Task goal ▸
Your answer must be an exact transcription of the data, with every picture omitted.

Provided data ▸
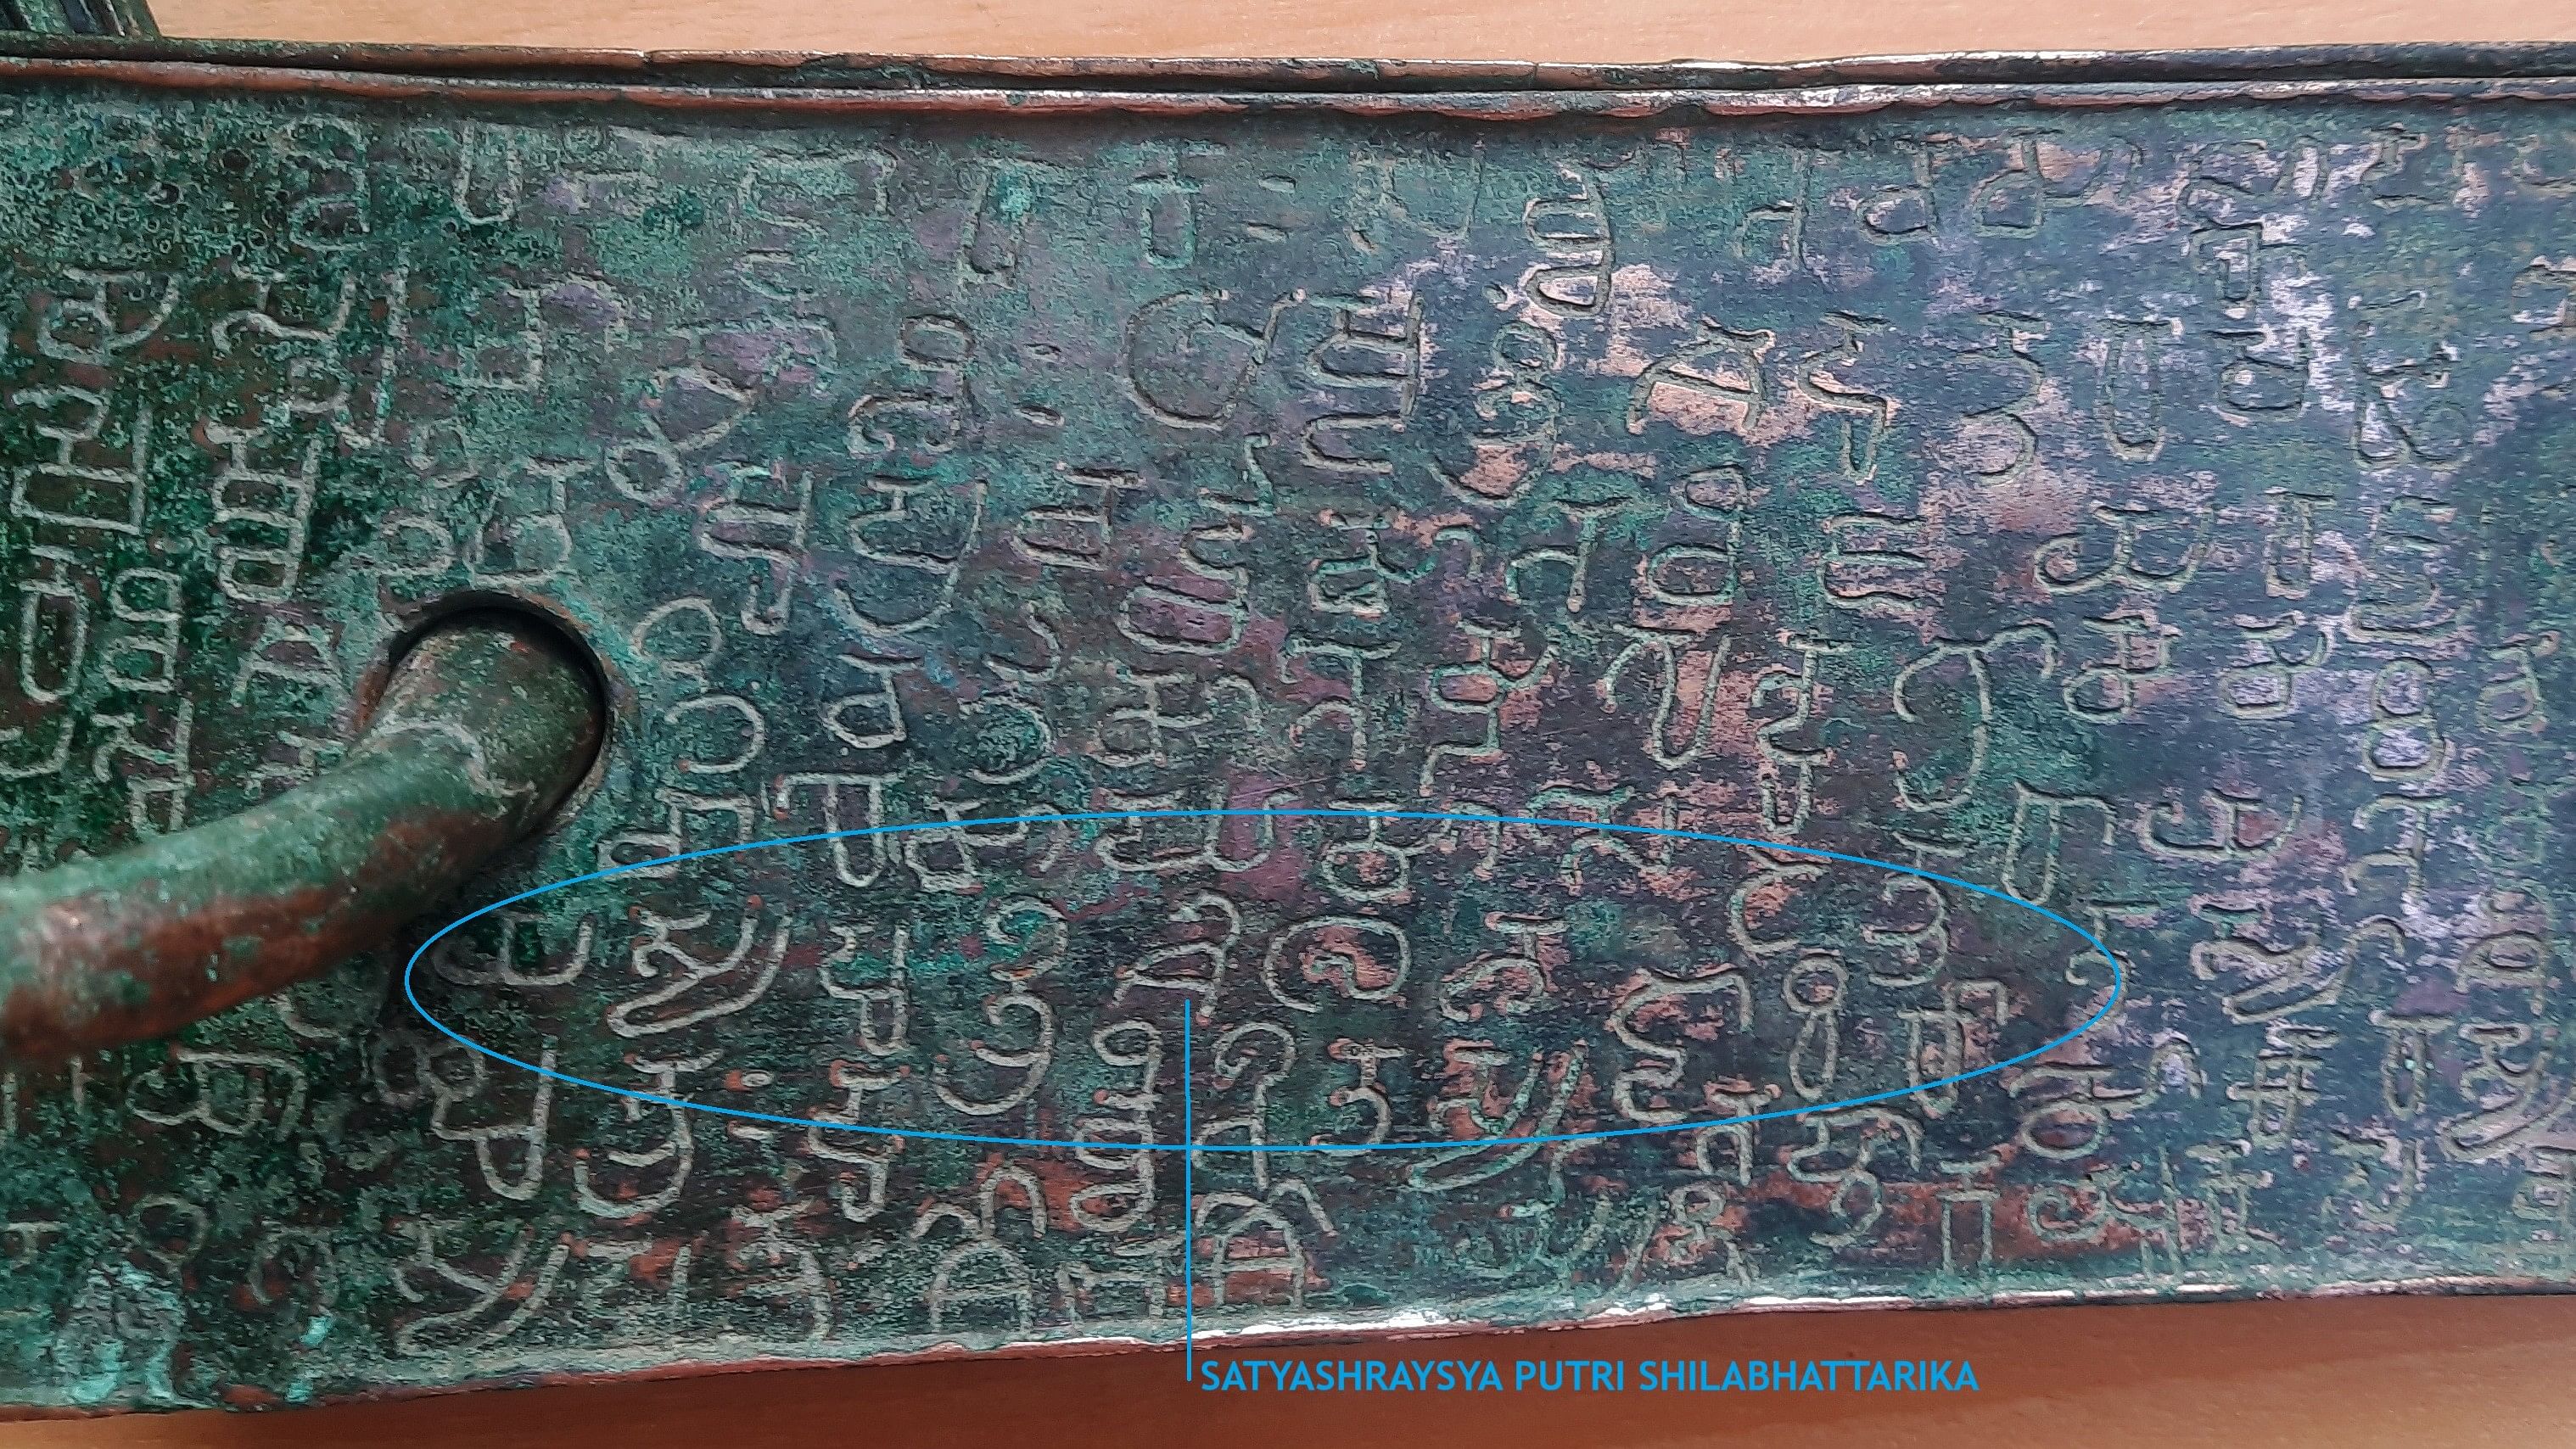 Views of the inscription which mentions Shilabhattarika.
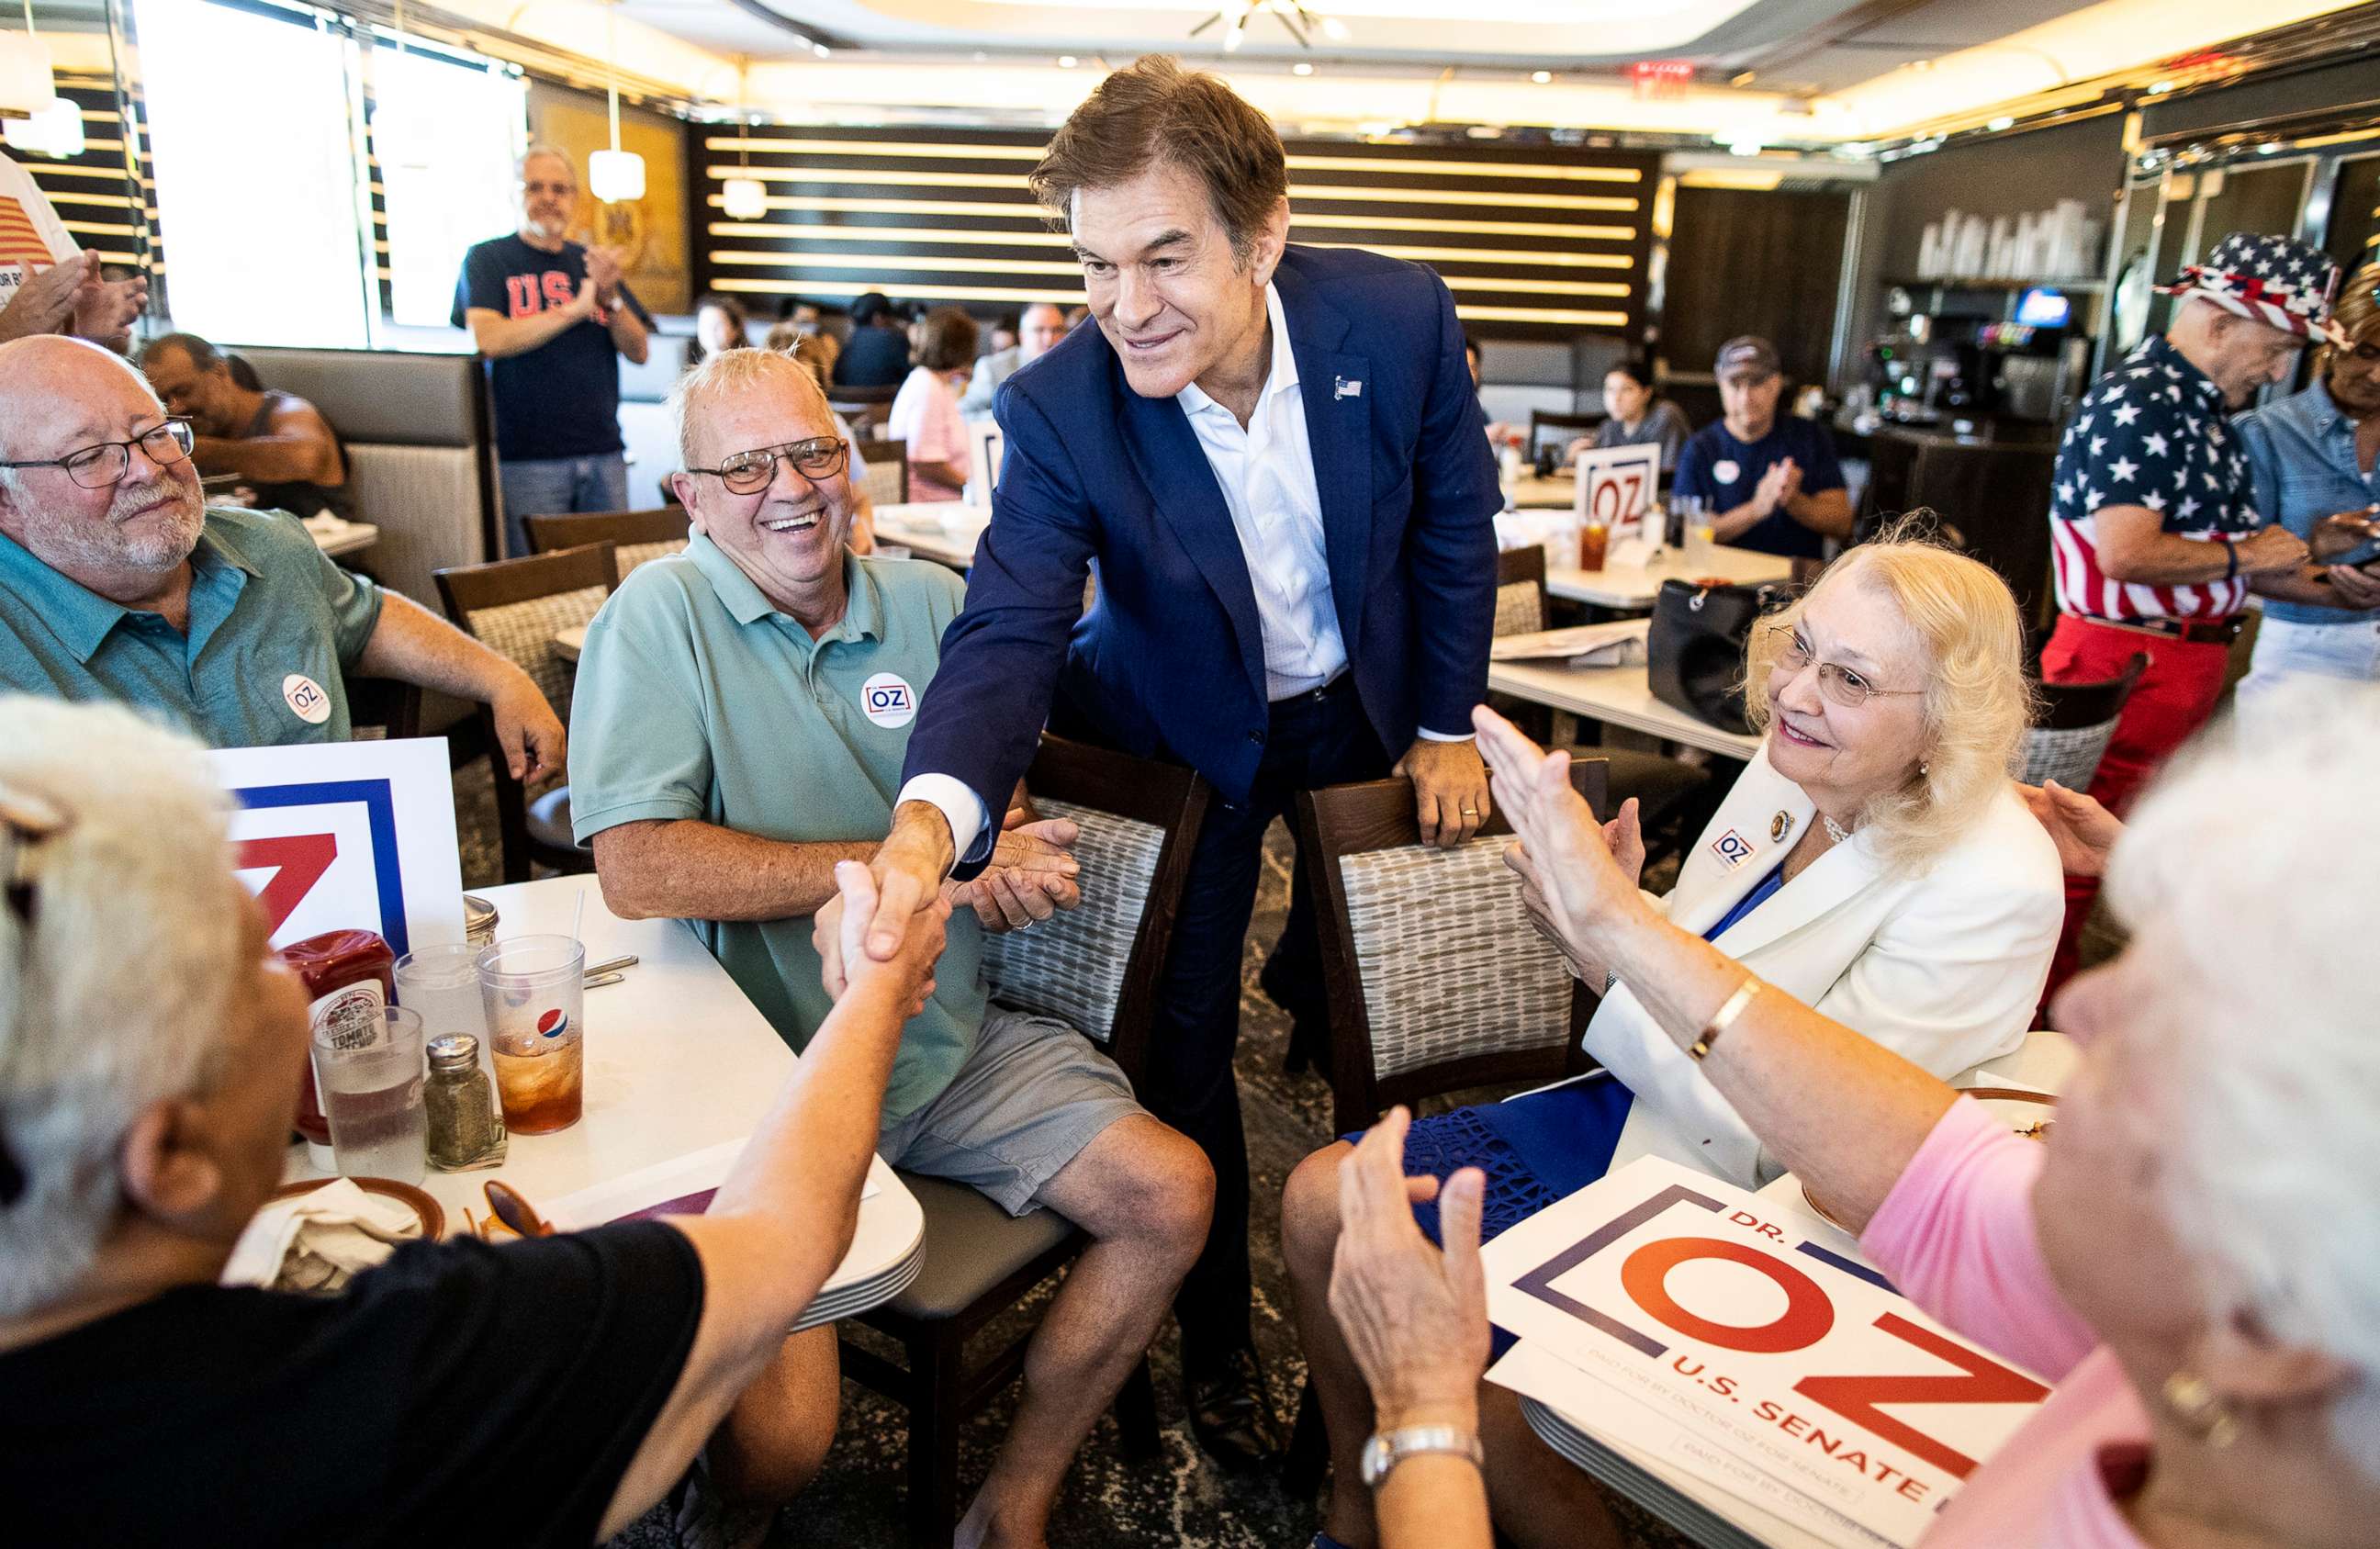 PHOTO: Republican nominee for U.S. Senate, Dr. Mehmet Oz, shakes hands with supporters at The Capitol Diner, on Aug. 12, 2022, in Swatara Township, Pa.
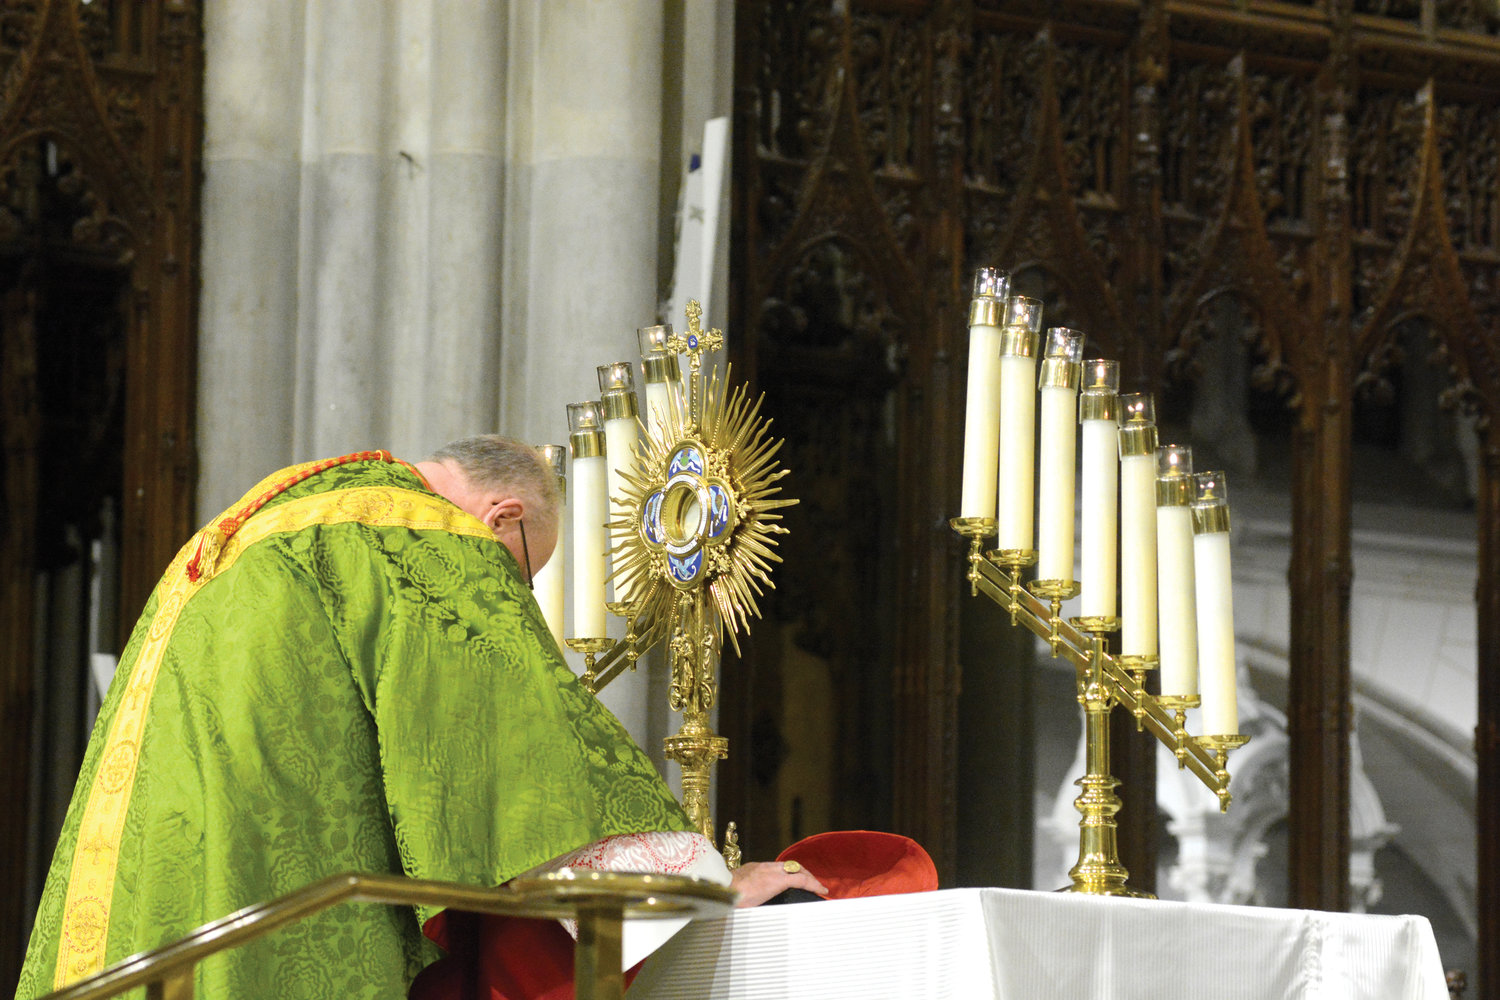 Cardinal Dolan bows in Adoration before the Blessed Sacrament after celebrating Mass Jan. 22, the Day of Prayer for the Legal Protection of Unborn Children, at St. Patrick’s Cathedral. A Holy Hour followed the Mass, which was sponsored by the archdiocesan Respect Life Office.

Solution ▸
 Views of the inscription which mentions Shilabhattarika.
 PHOTO: Republican nominee for U.S. Senate, Dr. Mehmet Oz, shakes hands with supporters at The Capitol Diner, on Aug. 12, 2022, in Swatara Township, Pa.
 Cardinal Dolan bows in Adoration before the Blessed Sacrament after celebrating Mass Jan. 22, the Day of Prayer for the Legal Protection of Unborn Children, at St. Patrick’s Cathedral. A Holy Hour followed the Mass, which was sponsored by the archdiocesan Respect Life Office.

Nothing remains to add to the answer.